Two pathways for processing object shapes

Maryam Vaziri-Pashkam¹; ¹Laboratory of Brain and Cognition, National Institute of Mental Health

The current dominant view on object processing entails that abstract object shape is represented in the ventral visual stream (occipito-temporal cortex). This bias towards the ventral stream has diverted the attention of the field from rigorous study of object responses in the dorsal stream (parietal cortex). To fill the gap in our understanding of object responses in the dorsal stream, we ran a series of experiments using functional MRI to comprehensively study object responses in the human dorsal stream and compared them to those in the ventral stream. We found robust object responses in both streams. Responses in the dorsal parietal cortex, similar to those in the ventral occipitotemporal cortex, were tolerant to changes in position, size, low-level features, and attentional tasks and were sensitive to both static and dynamic cues in the stimuli. In a data-driven approach, we compared the representational structures across the brain. The structure of the visual system, including the visual hierarchy and the dorsal-ventral distinction, emerged from this analysis. Dorsal Stream Regions differed from those in the ventral pathway and early visual cortices. In fact, the structure of the visual hierarchy and the dorsal-ventral stream distinction could be recovered through this bottom-up analysis. The rediscovery of the two-pathway structure using an entirely bottom-up approach demonstrates that first, two pathways exist in the brain for processing object shape information, and second, the dorsal pathway represents features in the visual input distinct from those represented in the ventral pathway.
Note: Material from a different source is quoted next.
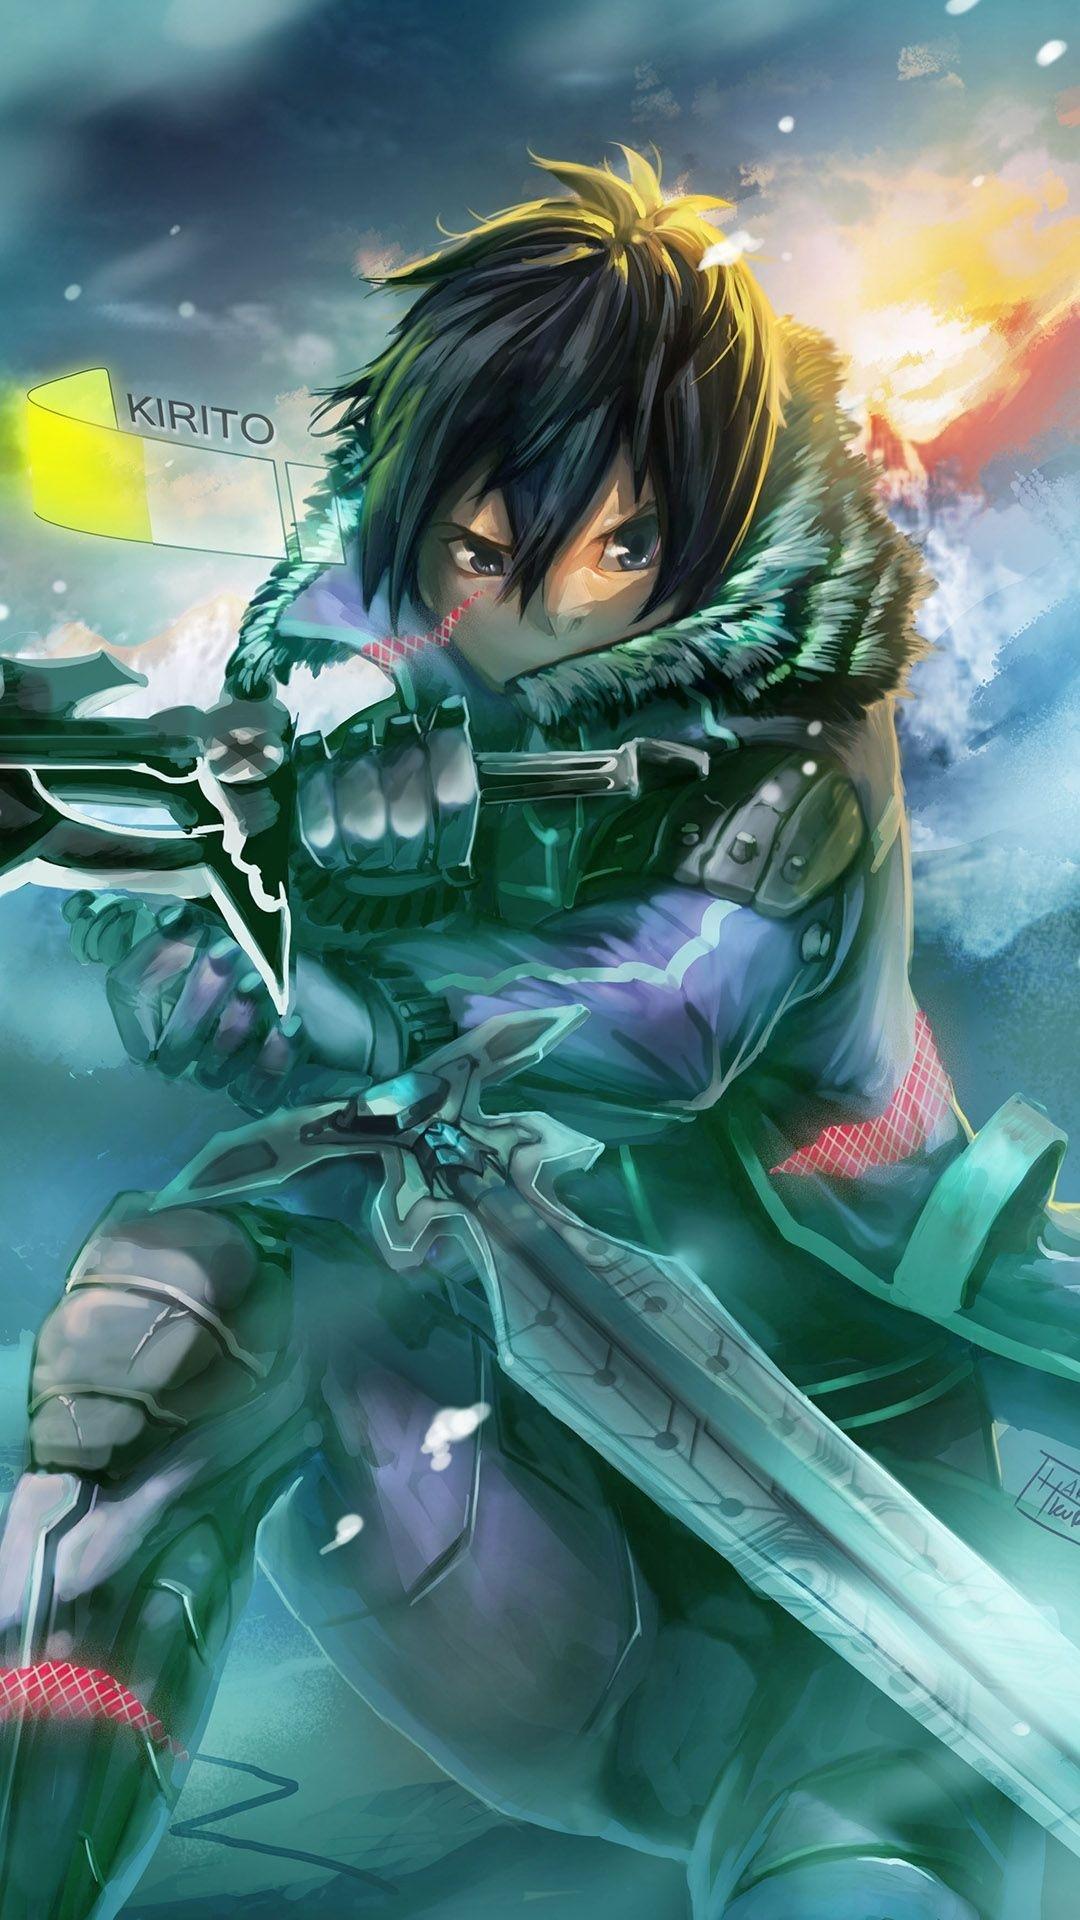 Animesword Art Online 1080x1920 Wallpaper Id 787231

Dorsal and ventral visual pathways: An expanded neural framework for object recognition

Vladislav Ayzenberg¹, Marlene Behrmann^1,2; ¹Neuroscience Institute and Psychology Department, Carnegie Mellon University, ²Department of Ophthalmology, University of Pittsburgh

Human object recognition is supported by a robust representation of shape that is tolerant to variations in an object’s appearance. Such ‘global’ shape representations are achieved by describing objects via the spatial arrangement of their local features, or structure, rather than by the appearance of the features themselves. Yet, despite its importance for object recognition, the neural mechanisms that support such robust representations of shape remain poorly understood. Here, I will present evidence that the dorsal visual pathway – the primary substrate underlying visuospatial processing and action – plays a crucial role in computing shape information for object recognition. Using fMRI, we find that the dorsal pathway contains regions selective for global shape, which are independent of regions that compute other properties represented by the dorsal pathway (e.g., allocentric relations). Moreover, the multivariate response within dorsal regions is sufficient to both categorize objects at levels comparable to the ventral pathway, as well as mediate representations of shape in the ventral pathway. These results are consistent with an emerging view of object processing, in which complete object representations are formed through the interactions of dorsal and ventral pathways. In this updated view, the ventral pathway is best described as a basis set of local image features, and shape information is, instead, computed by the dorsal pathway. In the final portion of the talk, I will review evidence for this new framework by drawing on neuroimaging data from different levels-of-analysis (single-unit, population-coding level), as well as data from neuropsychology patients.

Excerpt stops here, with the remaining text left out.